Свой человек - Григорий Бакланов
Шрифт:
Интервал:
Закладка:
— Ты, случаем, не храпишь? — укладываясь спать, спросил замминистра с должной прямотой. И после этого сам оглушительно прохрапел всю ночь. А перед Москвой, умывшись, побрившись и галстук повязав, перестал узнавать Евгения Степановича: вышел из купе, едва кивнув; на перроне его радостно встречали подчиненные.
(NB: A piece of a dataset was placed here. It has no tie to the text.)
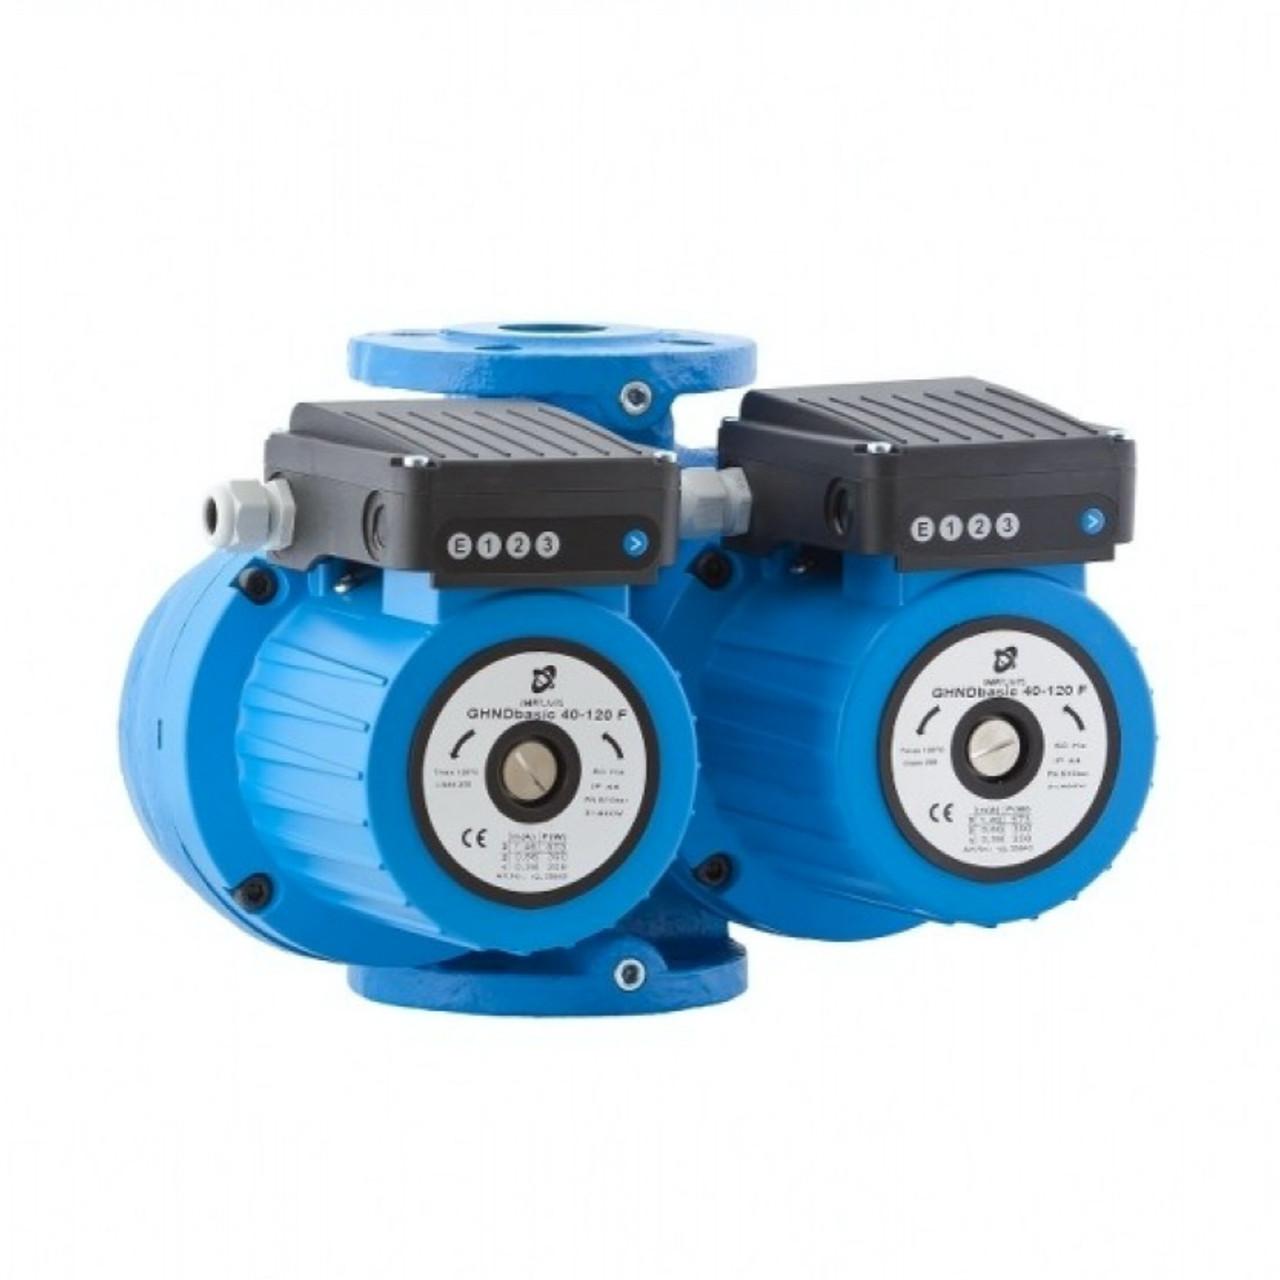 Циркуляционный насос IMP Pumps GHNMDbasic II 40-120F

Но неисповедимы пути Господни, не дано людям знать, что их ждет впереди. Минуло время, и Евгений Степанович сел не куда-нибудь, а именно в насиженное Иваном Прокофьевичем кресло, а тот, уже персональный пенсионер такого-то значения, попросился к нему на прием, поскольку и на пенсии человеку все еще надо чего-то, не ему самому, так деткам, внукам. И был неожиданно быстро принят в прежнем своем кабинете, и обласкан, и напоен чаем с неизменными сушками, как сам он когда-то поил здесь не каждого, и опять они были на «ты», но только теперь уже в другом порядке: «Ты, Иван Прокофьевич…» — «Вы, Евгений Степанович…» А когда ушел он, растроганный, благорастворенный, поверив во все обещания и заверения, Евгений Степанович вызвал секретаршу, и было ей строго приказано: с этим человеком (он машинально указал на стул, где только что сидел посетитель) никогда его больше не соединять.
Очистив крупный, сочный апельсин и вытерев пальцы о скомканную салфетку, Евгений Степанович отделял дольки и клал в рот. Всхолмленным снеговым полем, осиянным с вышины, простерлись внизу облака, над которыми они летели. Где-то под ними, под облаками, день хмурился, где-то проливались на землю дожди, а здесь, в заоблачном мире, светило солнце. И только когда открывались окна в облаках и смутно виднелась в бесконечном провале земля внизу, вся в мягких складках, становилось ощутимо, что под их широкими креслами, в которых они сидят, перегрузившись едой, и беседуют, — десять километров пустоты.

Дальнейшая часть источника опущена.